In the moments before pushback the rotating beacons are turned on. Located on the top and bottom of the fuselage, these flashing red lights serve as anti-collision beacons in flight. On the ground they are a signal to the ground crew personnel to stand clear, the aircraft is set to push or power back.

BLOCK TO BLOCK TIME

The average flight time from point A to point B can accurately be predicted by using the seasonally adjusted average headwinds or tailwinds and the cruising speed of the plane scheduled for the route. Flight time, however, does not completely reflect the total time, called the block to block time.

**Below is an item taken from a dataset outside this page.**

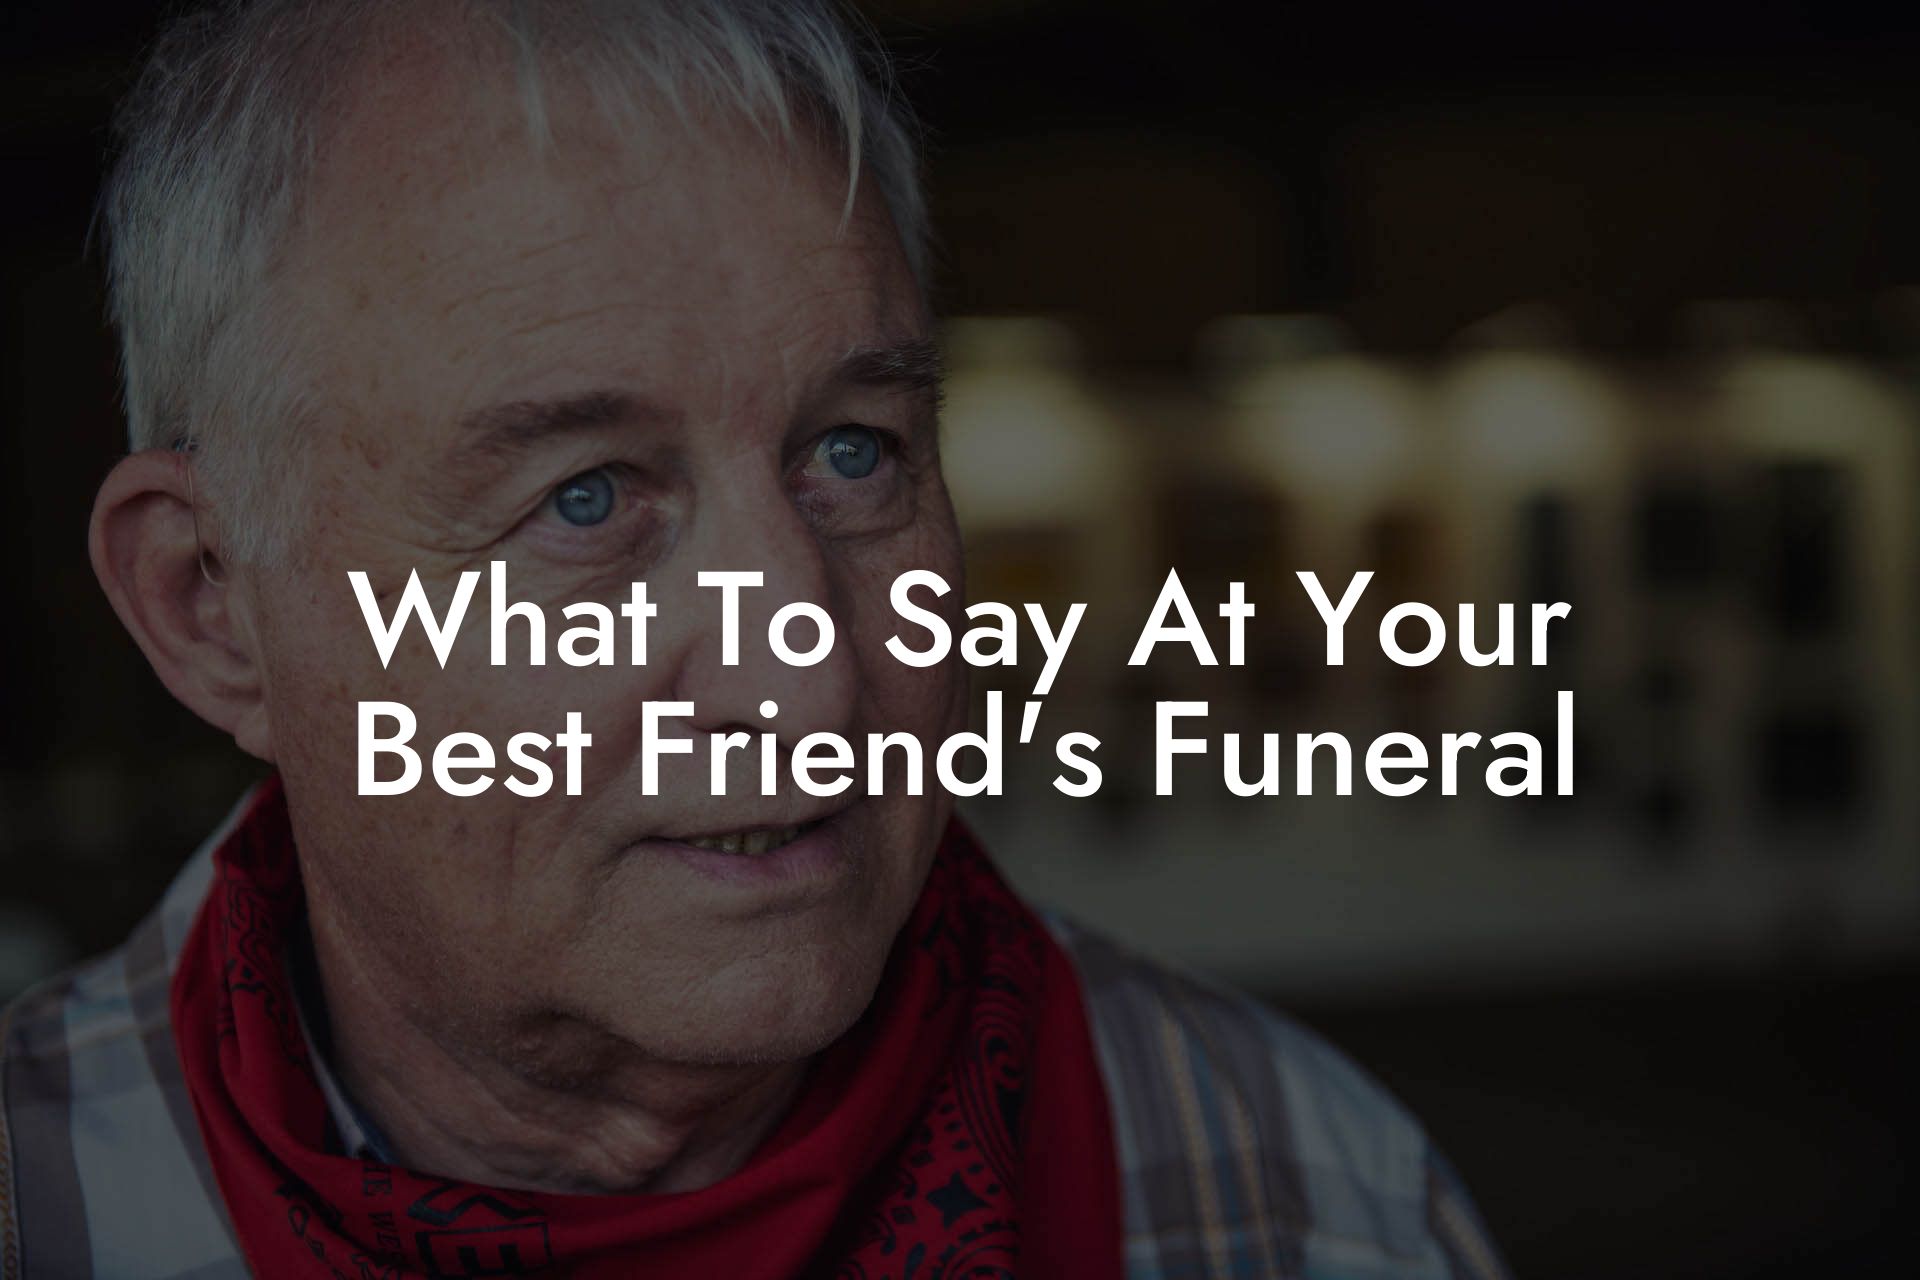 What To Say At Your Best Friend's Funeral

Though it may only take ten minutes to pushback and taxi to the active runway, the experienced traveler knows that during the busy travel hours, a line for departure is most probable. On the arrival end, it may only be a short taxi from the active runway to your gate, but ramp congestion may block immediate access. The airlines know all this and make allowances.

Average taxi times are computed—some up to 30 minutes at busy airports during busy times—and added to the flight time, which gives block to block time. This is what’s reflected in timetables. Looking at a timetable, you may notice a midnight departure from New York to Chicago takes less time than the dinner flight. The difference is the built-in ground delay time. Sitting on a taxiway waiting for your turn for departure doesn’t necessarily mean a late arrival.

COCKPIT ANNOUNCEMENTS

Before we talk about specific delays, let’s mention why delay announcements from the cockpit sometimes seem late in coming. Early in a pilot’s career, you learn to always tell the passengers the truth. But until specific information is known, pilots tend not to commit to an announcement that is less than accurate. Air Traffic Control, which has the ultimate say on departure, regardless of your schedule, is sometimes noncommittal when the weather is causing numerous flight delays.

CONNECTING FLIGHTS

Most airlines use a hub-and-spoke route structure, allowing more cities to receive more frequent service to more destinations. The downside is that more and more flights require a plane change to a connecting flight. With connections come some possible misconnections. Dispatch and the supervisors in charge of the release or holding of a flight for connecting passengers are connected via computer to the reservations system and are well aware of who is running late. In fact, a specific list of any late connecting passengers is sent to all the applicable departure gates. Factored into a difficult judgment call is how long the flight must be held, for how many people, and if this is the last flight of the day to your destination. It also must be determined if a wait for a few late connections will jeopardize all the downline connections of the passengers already on board.

OVERBOOKING AND NO-SHOWS

Overbooking is another reason for delays. On any given day, 10 percent of the people holding reservations don’t show up. Around peak travel periods it is more. If a plane is only booked to capacity, every flight will depart with empty seats, even the busiest. If a flight is overbooked and the computer projection of no-shows is wrong, volunteers will be asked to get off in return for some form of compensation.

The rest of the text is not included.